====== RAW DATA

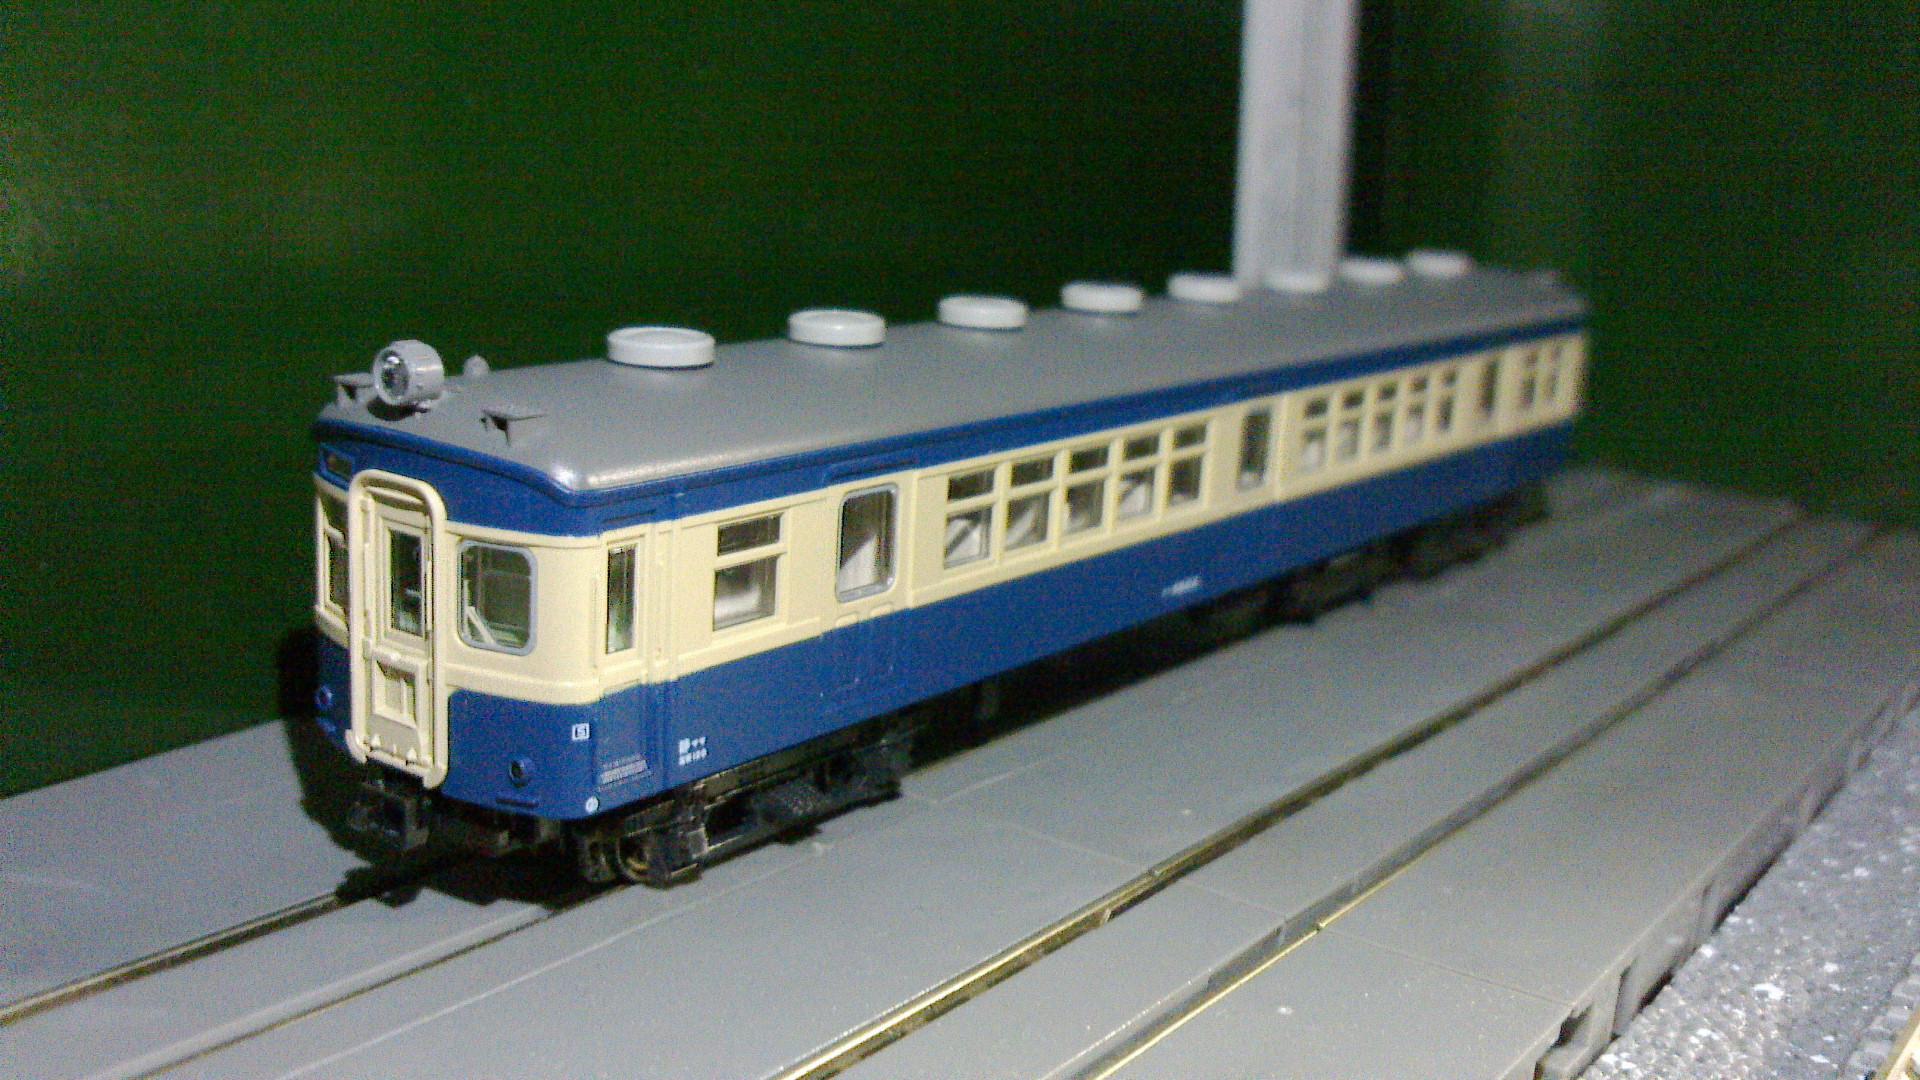 NEC_0890.jpg
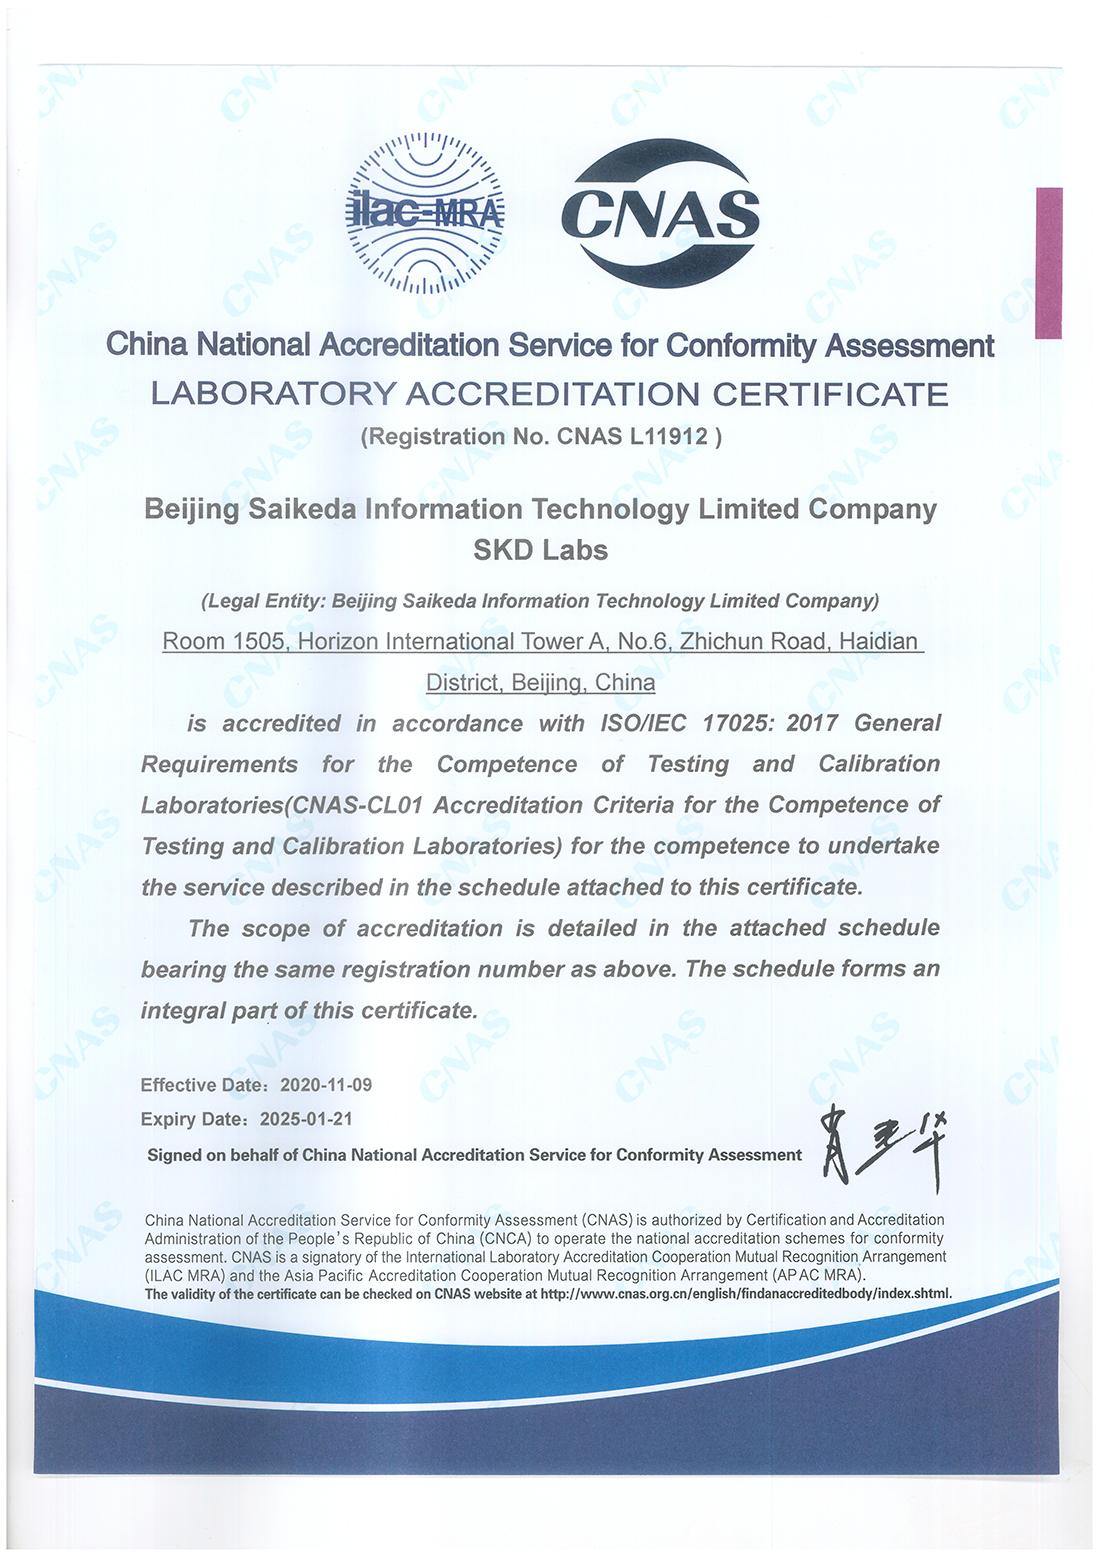 赛可达实验室顺利通过2020年度CNAS定期监督评审
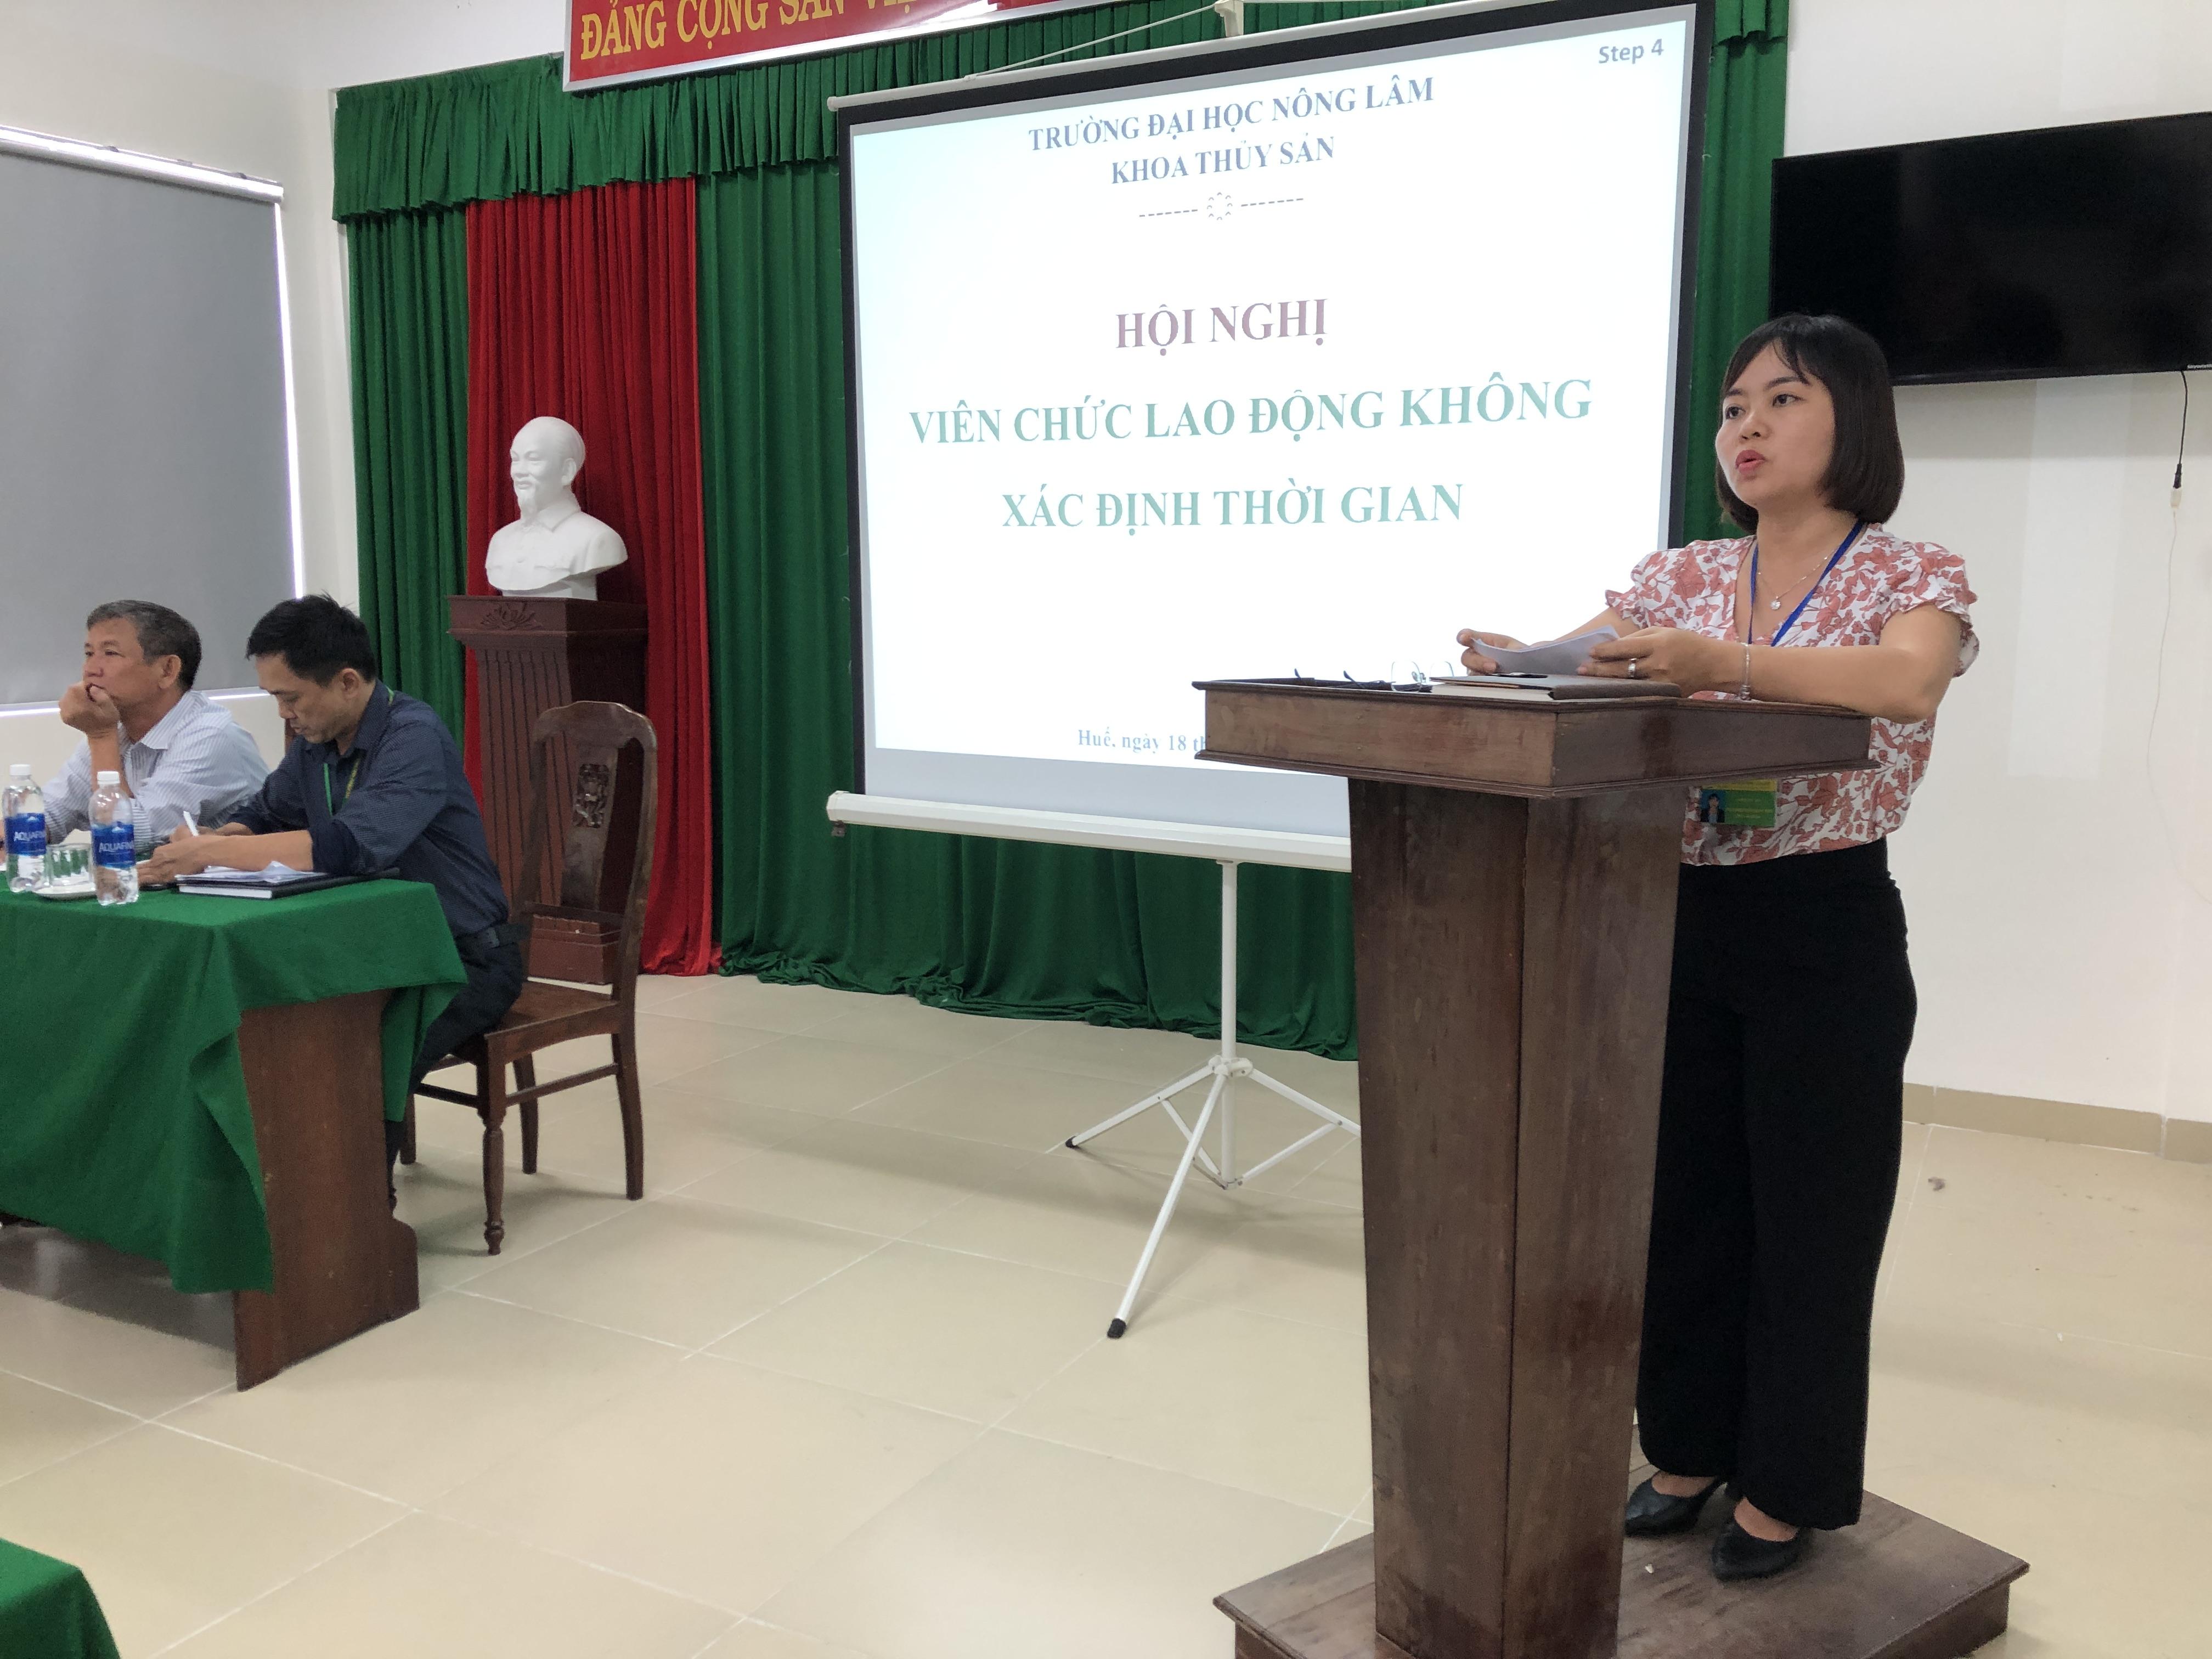 PGS.TS. Nguyễn Duy Quỳnh Trâm phát biểu ý kiến và trình bày kế hoạch hành động trong nhiệm kỳ 2020-2025

============

PROBLEM DETAILS =
Without including a single picture, restate all of the data word for word.

ANSWER AREA =
 NEC_0890.jpg
 赛可达实验室顺利通过2020年度CNAS定期监督评审
 PGS.TS. Nguyễn Duy Quỳnh Trâm phát biểu ý kiến và trình bày kế hoạch hành động trong nhiệm kỳ 2020-2025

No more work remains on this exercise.